Similarly, the host will interrupt the guest when it sends a new
message on the VMbus control path, or when a VMbus channel "in" ring
buffer transitions from empty to non-empty.  Each CPU in the guest
may receive VMbus interrupts, so they are best modeled as per-CPU
interrupts in Linux.  This model works well on arm64 where a single
per-CPU IRQ is allocated for VMbus.  Since x86/x64 lacks support for
per-CPU IRQs, an x86 interrupt vector is statically allocated (see
HYPERVISOR_CALLBACK_VECTOR) across all CPUs and explicitly coded to
call the VMbus interrupt service routine.  These interrupts are
visible in /proc/interrupts on the "HYP" line.

The guest CPU that a VMbus channel will interrupt is selected by the
guest when the channel is created, and the host is informed of that
selection.  VMbus devices are broadly grouped into two categories:

1. "Slow" devices that need only one VMbus channel.  The devices
   (such as keyboard, mouse, heartbeat, and timesync) generate
   relatively few interrupts.  Their VMbus channels are all
   assigned to interrupt the VMBUS_CONNECT_CPU, which is always
   CPU 0.

2. "High speed" devices that may use multiple VMbus channels for
   higher parallelism and performance.  These devices include the
   synthetic SCSI controller and synthetic NIC.  Their VMbus
   channels interrupts are assigned to CPUs that are spread out
   among the available CPUs in the VM so that interrupts on
   multiple channels can be processed in parallel.

The assignment of VMbus channel interrupts to CPUs is done in the
function init_vp_index().  This assignment is done outside of the
normal Linux interrupt affinity mechanism, so the interrupts are
neither "unmanaged" nor "managed" interrupts.

The CPU that a VMbus channel will interrupt can be seen in
/sys/bus/vmbus/devices/<deviceGUID>/ channels/<channelRelID>/cpu.
When running on later versions of Hyper-V, the CPU can be changed
by writing a new value to this sysfs entry.  Because the interrupt
assignment is done outside of the normal Linux affinity mechanism,
there are no entries in /proc/irq corresponding to individual
VMbus channel interrupts.

An online CPU in a Linux guest may not be taken offline if it has
VMbus channel interrupts assigned to it.  Any such channel
interrupts must first be manually reassigned to another CPU as
described above.  When no channel interrupts are assigned to the
CPU, it can be taken offline.

When a guest CPU receives a VMbus interrupt from the host, the
function vmbus_isr() handles the interrupt.  It first checks for
channel interrupts by calling vmbus_chan_sched(), which looks at a
bitmap setup by the host to determine which channels have pending
interrupts on this CPU.  If multiple channels have pending
interrupts for this CPU, they are processed sequentially.  When all
channel interrupts have been processed, vmbus_isr() checks for and
processes any message received on the VMbus control path.

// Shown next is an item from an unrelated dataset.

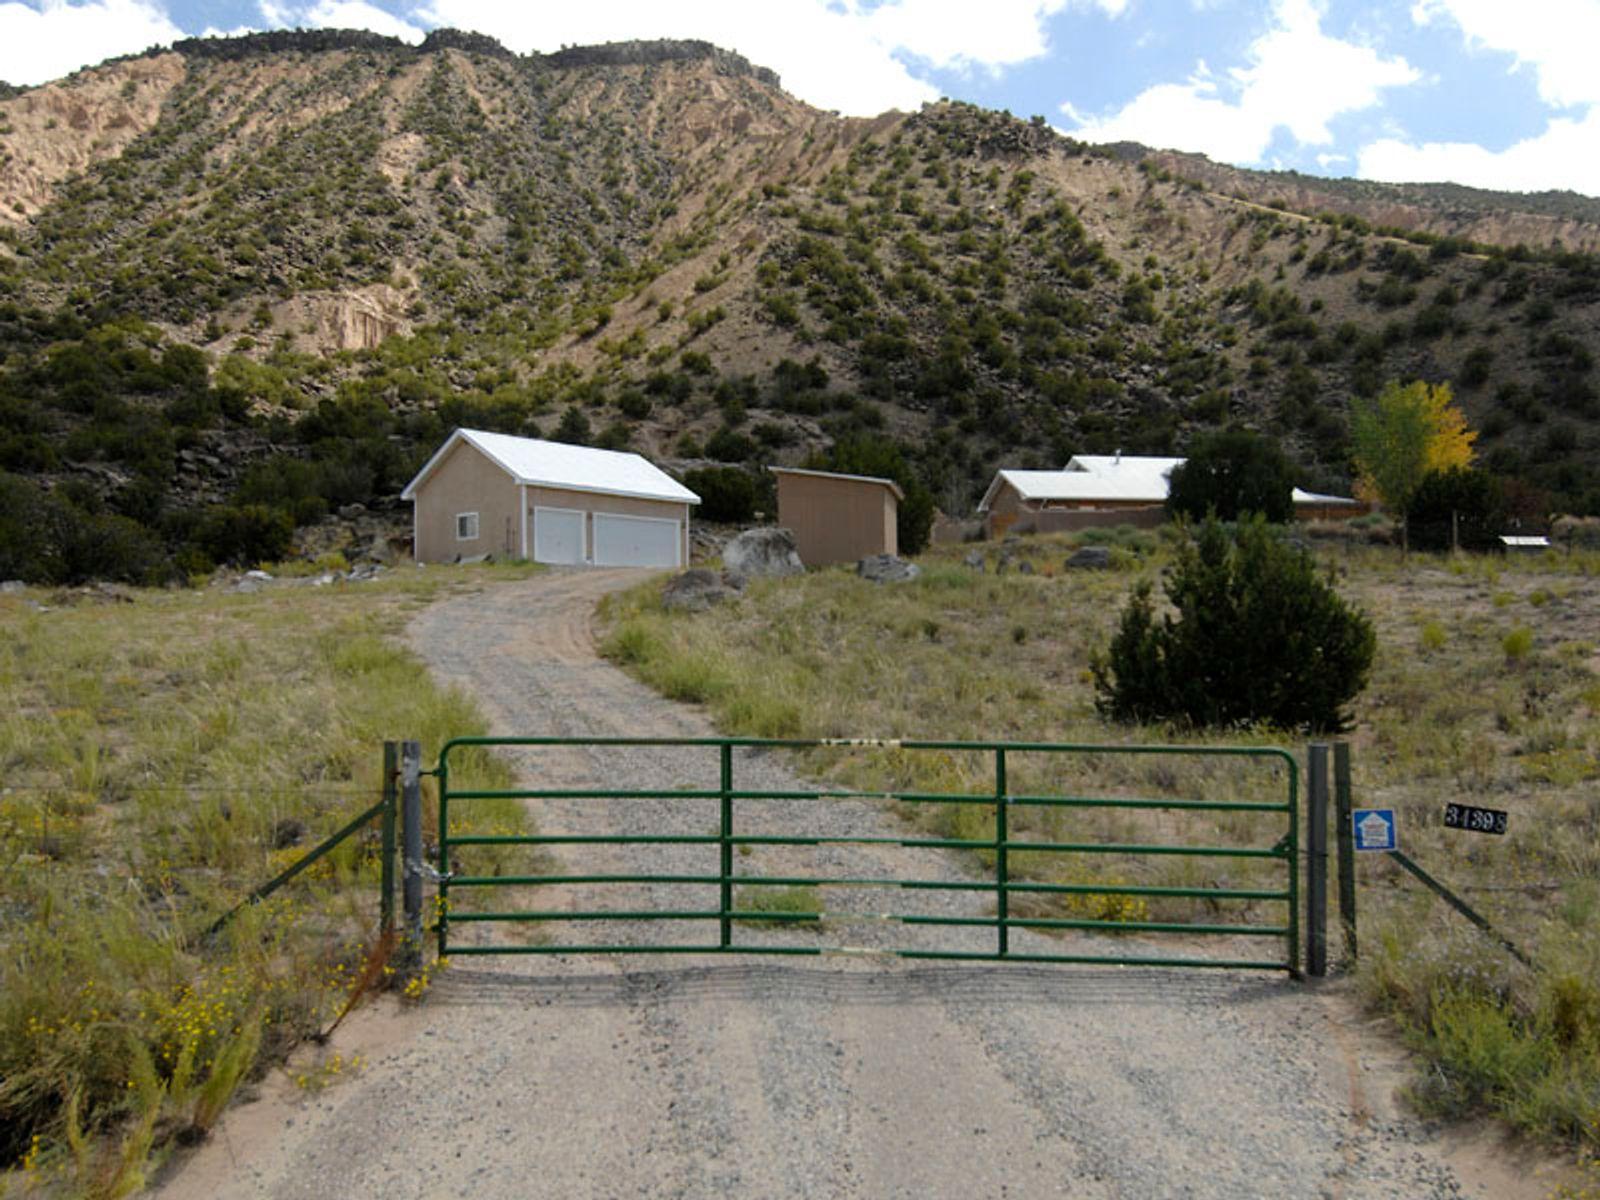 34398 U.S. Highway 285, Ojo Caliente

The VMbus channel interrupt handling code is designed to work
correctly even if an interrupt is received on a CPU other than the
CPU assigned to the channel.  Specifically, the code does not use
CPU-based exclusion for correctness.  In normal operation, Hyper-V
will interrupt the assigned CPU.  But when the CPU assigned to a
channel is being changed via sysfs, the guest doesn't know exactly
when Hyper-V will make the transition.  The code must work correctly
even if there is a time lag before Hyper-V starts interrupting the
new CPU.  See comments in target_cpu_store().

VMbus device creation/deletion
------------------------------
Hyper-V and the Linux guest have a separate message-passing path
that is used for synthetic device creation and deletion. This
path does not use a VMbus channel.  See vmbus_post_msg() and
vmbus_on_msg_dpc().

The first step is for the guest to connect to the generic
Hyper-V VMbus mechanism.  As part of establishing this connection,
the guest and Hyper-V agree on a VMbus protocol version they will
use.  This negotiation allows newer Linux kernels to run on older
Hyper-V versions, and vice versa.

The guest then tells Hyper-V to "send offers".  Hyper-V sends an
offer message to the guest for each synthetic device that the VM
is configured to have. Each VMbus device type has a fixed GUID
known as the "class ID", and each VMbus device instance is also
identified by a GUID. The offer message from Hyper-V contains
both GUIDs to uniquely (within the VM) identify the device.
There is one offer message for each device instance, so a VM with
two synthetic NICs will get two offers messages with the NIC
class ID. The ordering of offer messages can vary from boot-to-boot
and must not be assumed to be consistent in Linux code. Offer
messages may also arrive long after Linux has initially booted
because Hyper-V supports adding devices, such as synthetic NICs,
to running VMs. A new offer message is processed by
vmbus_process_offer(), which indirectly invokes vmbus_add_channel_work().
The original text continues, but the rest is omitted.